Stored data ->

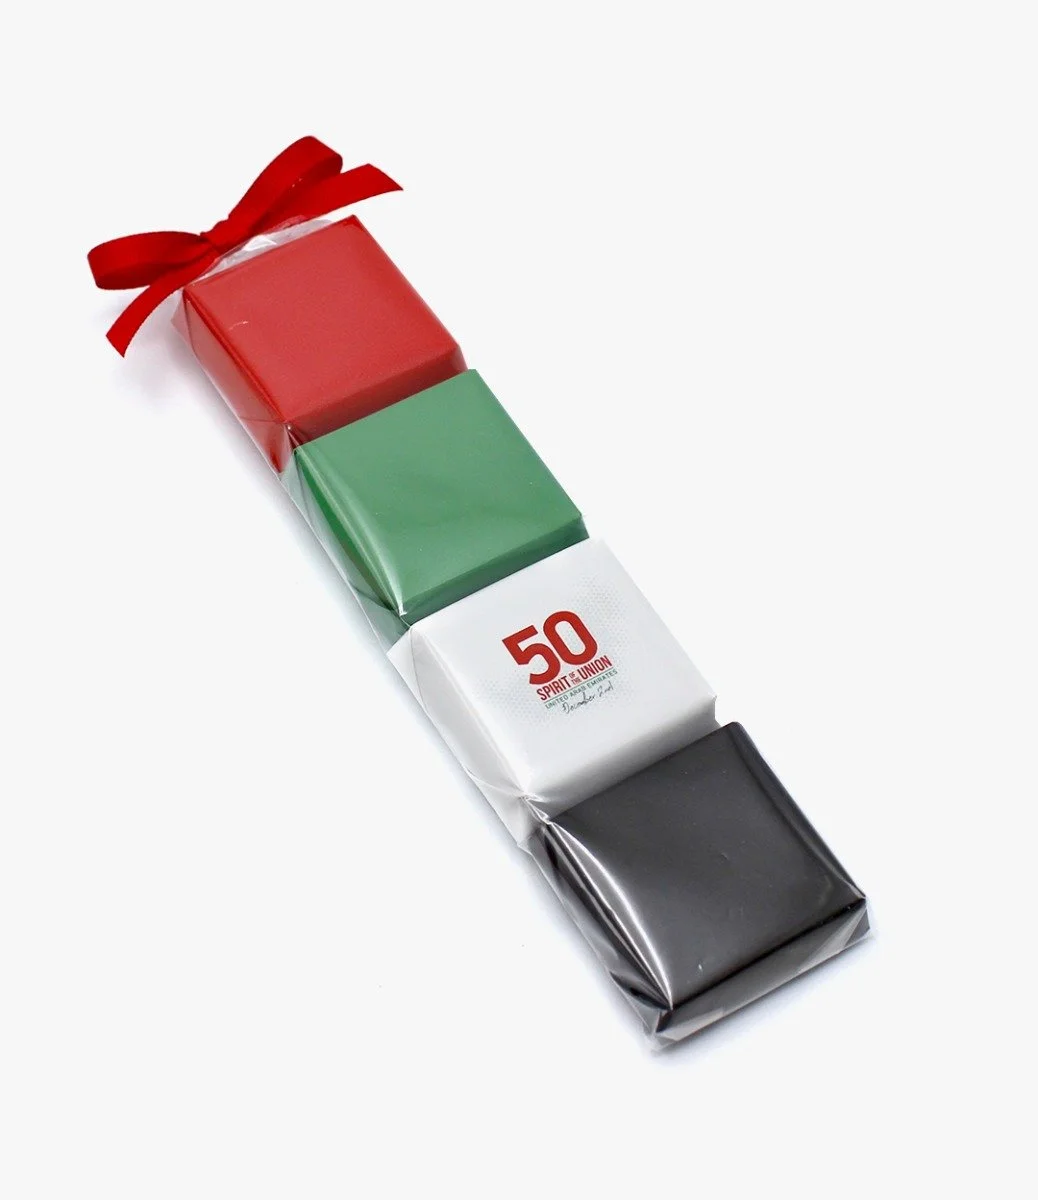 50 Years UAE with Bow - National Day Gift Box 80g - Pack of 10 Boxes By Le Chocolatier
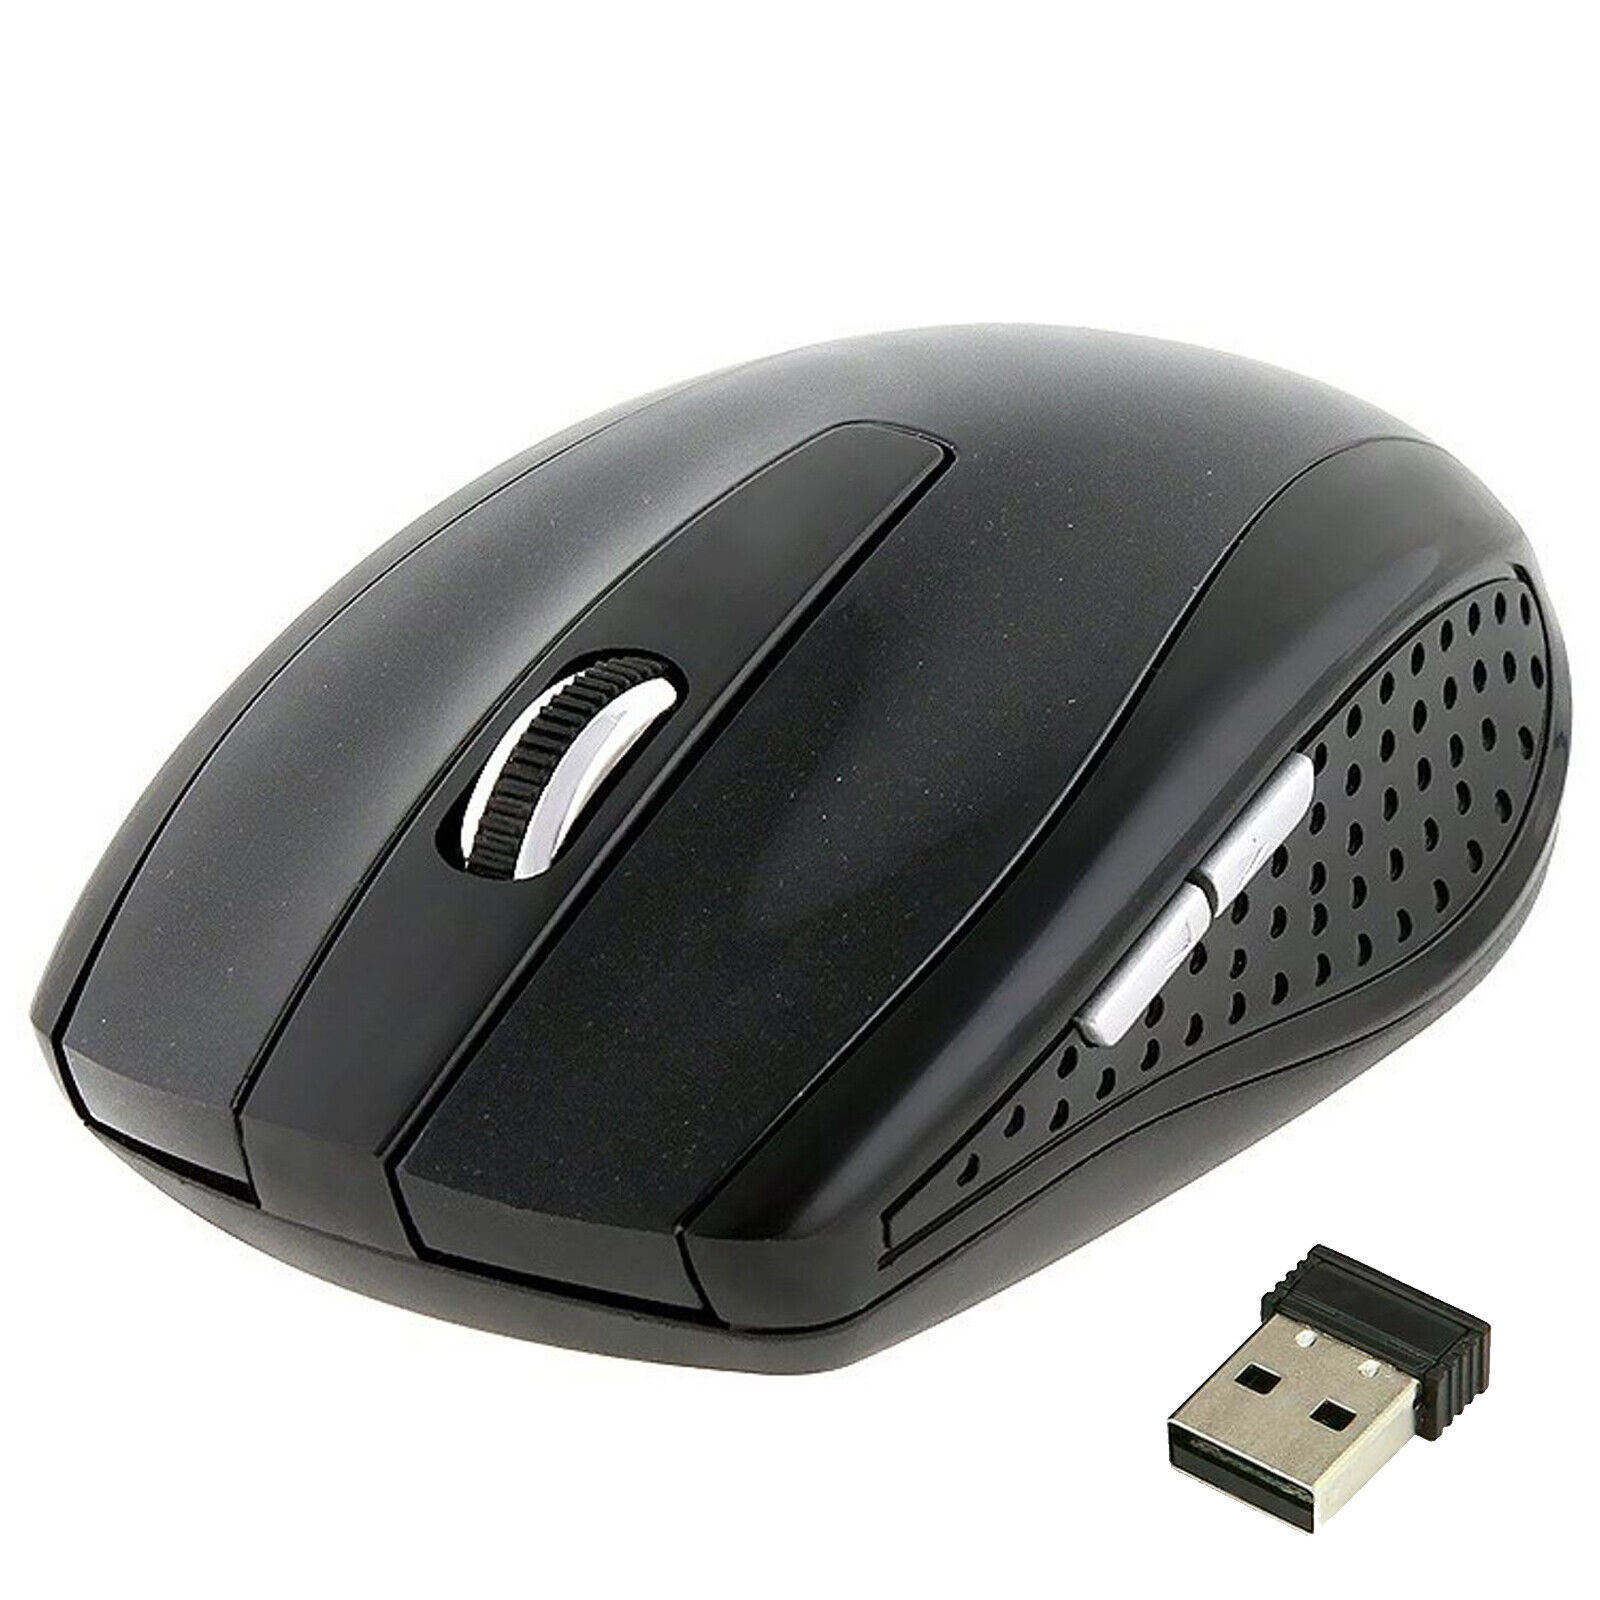 2.4GHz High Quality Wireless Optical Mouse/Mice + USB 2.0 Receiver for PC Laptop
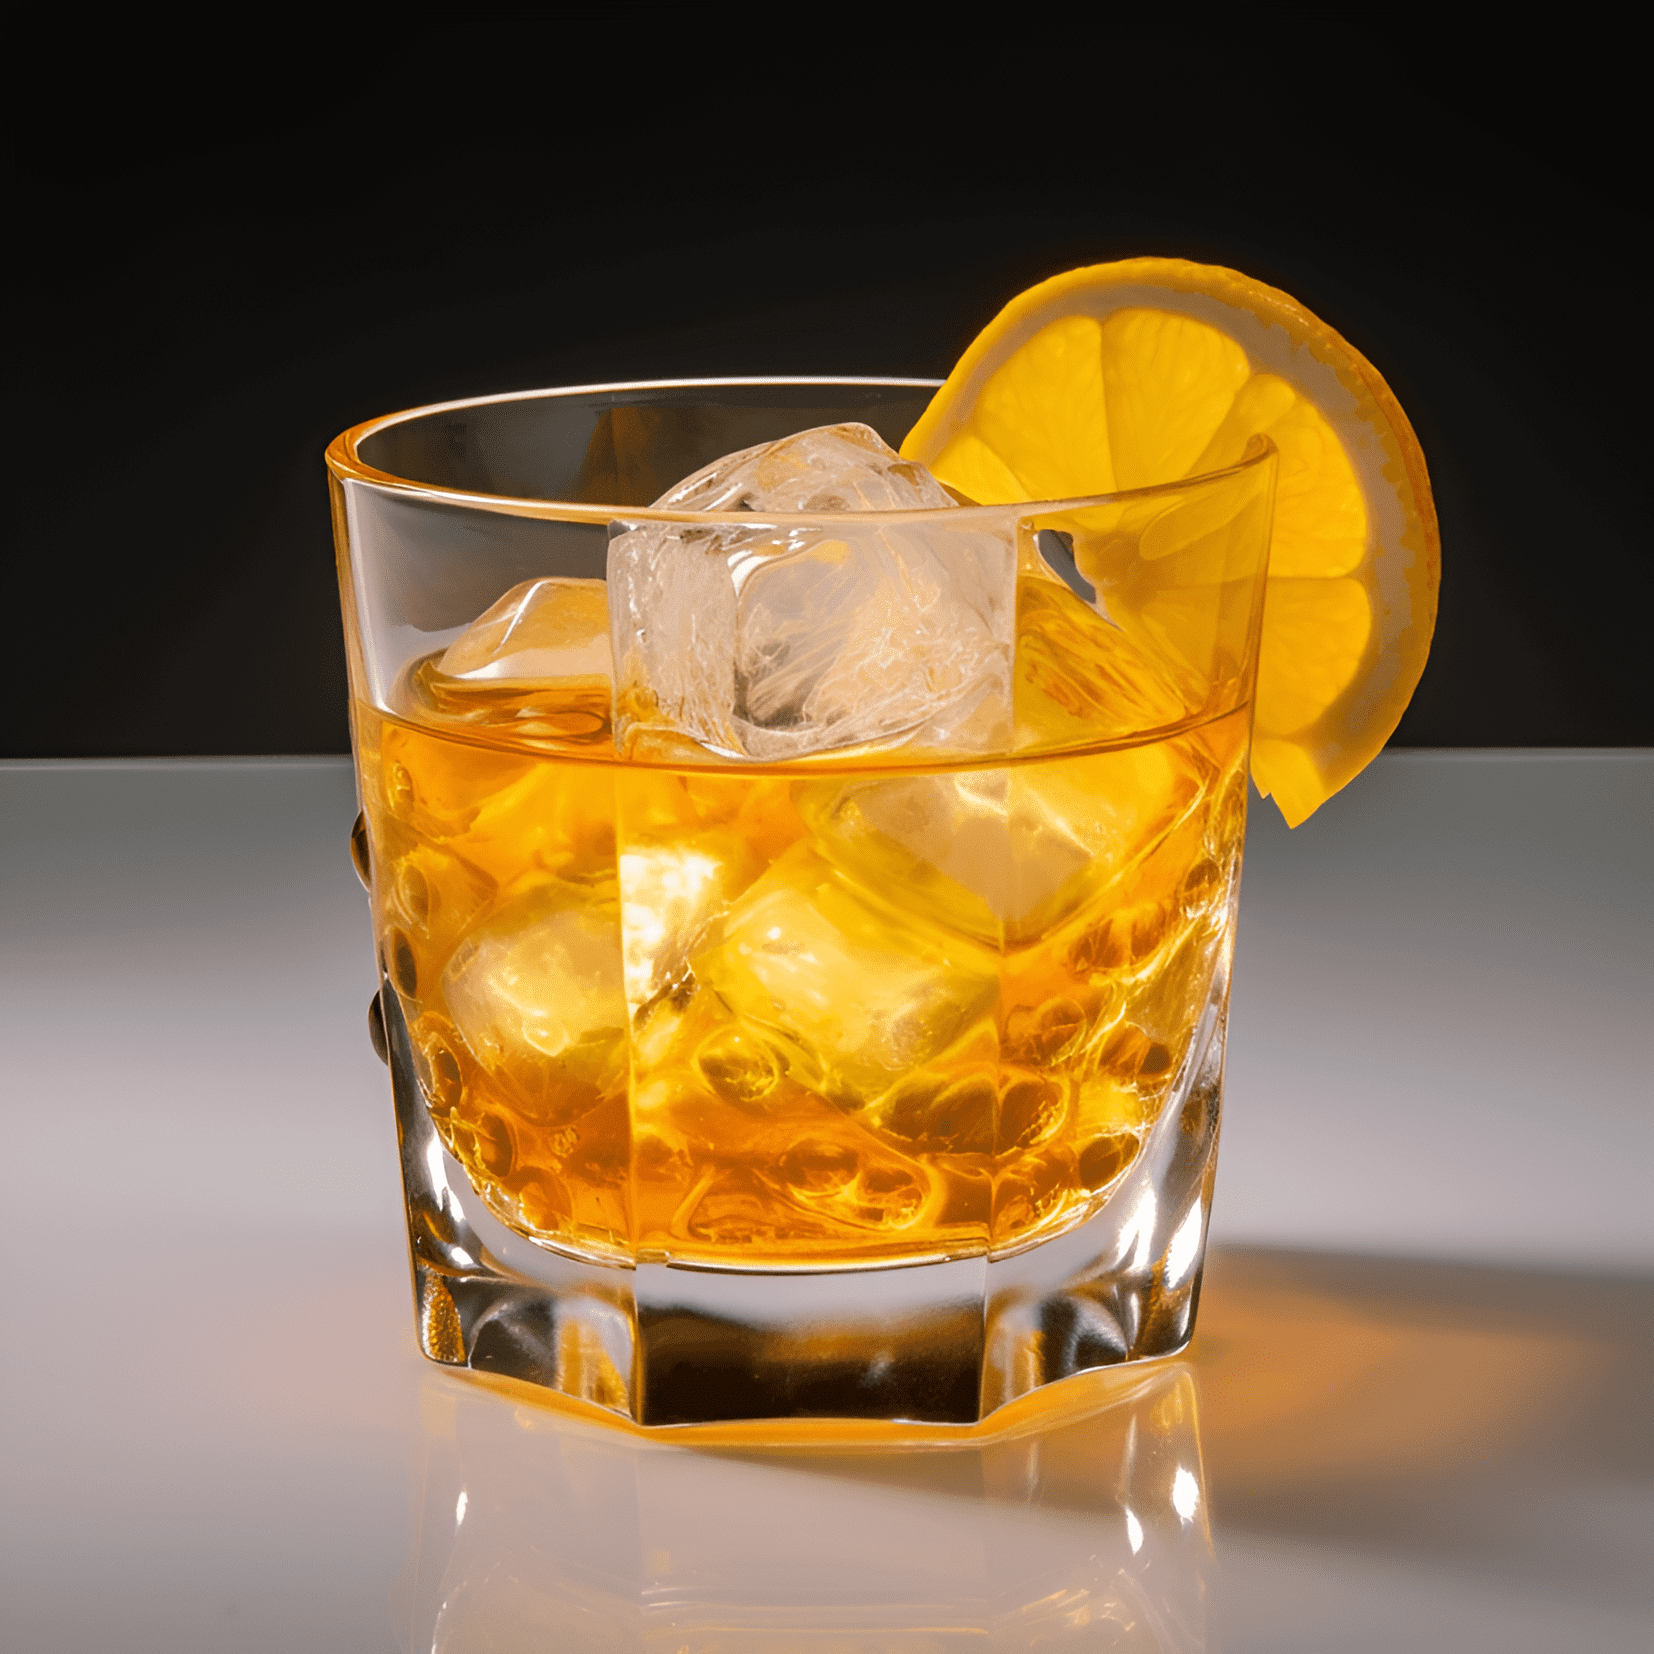 Mark Twain Cocktail Recipe - The Mark Twain cocktail has a well-balanced, slightly sweet and sour taste with a strong whiskey base. The lemon juice adds a refreshing citrus note, while the simple syrup provides a hint of sweetness. The bitters give it a complex, aromatic finish.

Brief ->
Word for word, reproduce the material above and omit each image.

The answer ->
 50 Years UAE with Bow - National Day Gift Box 80g - Pack of 10 Boxes By Le Chocolatier
 2.4GHz High Quality Wireless Optical Mouse/Mice + USB 2.0 Receiver for PC Laptop
 Mark Twain Cocktail Recipe - The Mark Twain cocktail has a well-balanced, slightly sweet and sour taste with a strong whiskey base. The lemon juice adds a refreshing citrus note, while the simple syrup provides a hint of sweetness. The bitters give it a complex, aromatic finish.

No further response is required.